1. What are the signs of the roots of a quadratic equation?
Ans. The signs of the roots of a quadratic equation can be determined by examining the coefficients of the equation. If the quadratic equation is of the form ax^2 + bx + c = 0, then the signs of the roots will be as follows: - If the discriminant (b^2 - 4ac) is positive, then the roots will be real and distinct. - If the discriminant is zero, then the roots will be real and equal. - If the discriminant is negative, then the roots will be complex conjugates with imaginary parts.
2. How can I find the quadratic equation given its roots?
Ans. If you know the roots of a quadratic equation, you can find the equation by using the fact that the sum and product of the roots can be related to the coefficients of the equation. Let the roots of the quadratic equation be r1 and r2. Then the quadratic equation can be written as (x - r1)(x - r2) = 0. Expanding this equation will give you the quadratic equation in the form ax^2 + bx + c = 0, where a, b, and c can be determined using the coefficients of the expanded equation.

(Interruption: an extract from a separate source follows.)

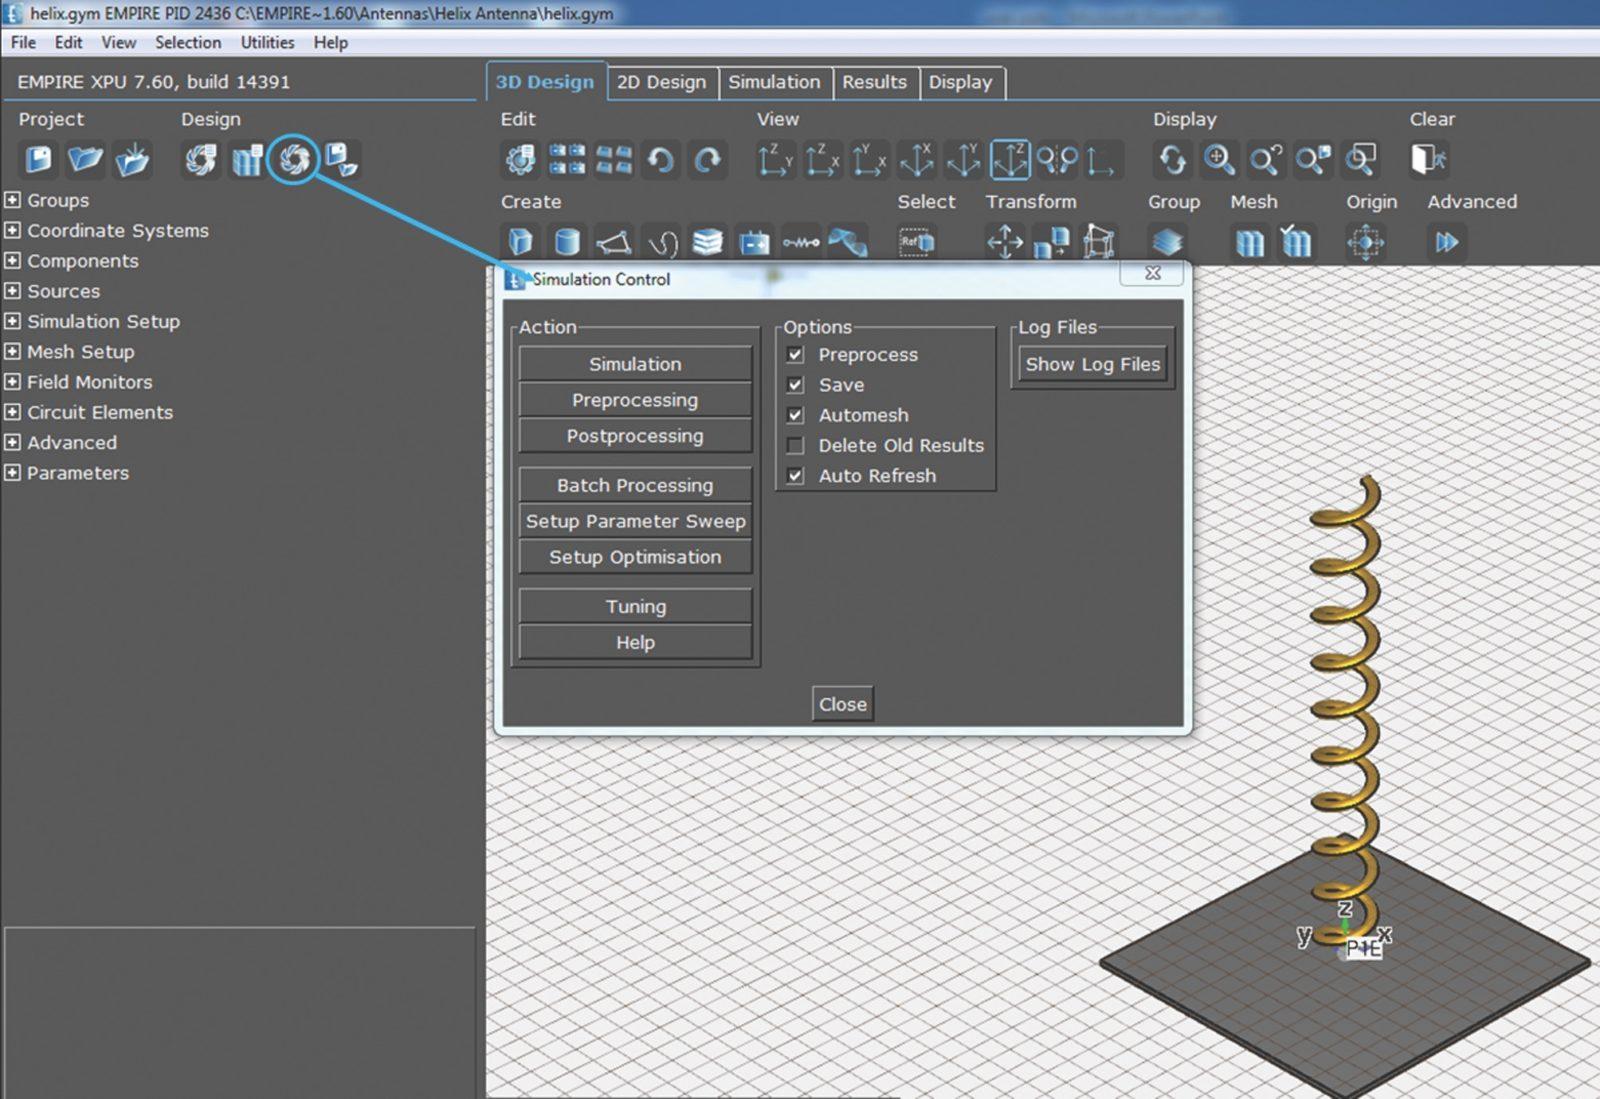 Окно запуска моделирования (Start Simulation)

3. What are the important formulas for solving quadratic equations?
Ans. There are several important formulas for solving quadratic equations. Some of them include: - The quadratic formula: x = (-b ± √(b^2 - 4ac))/(2a), where a, b, and c are the coefficients of the quadratic equation ax^2 + bx + c = 0. - The sum of roots formula: The sum of the roots of a quadratic equation -b/a. - The product of roots formula: The product of the roots of a quadratic equation c/a.
4. How can I determine if a quadratic equation has real or complex roots?
Ans. To determine if a quadratic equation has real or complex roots, you can calculate the discriminant, which is given by the expression b^2 - 4ac. If the discriminant is positive, then the roots will be real and distinct. If the discriminant is zero, then the roots will be real and equal. If the discriminant is negative, then the roots will be complex conjugates with imaginary parts.
5. Can a quadratic equation have only one real root?
Ans. Yes, a quadratic equation can have only one real root. This happens when the discriminant of the equation is zero. In this case, the quadratic equation will have a repeated root, meaning that both roots will be equal. The graph of the quadratic equation will touch the x-axis at only one point.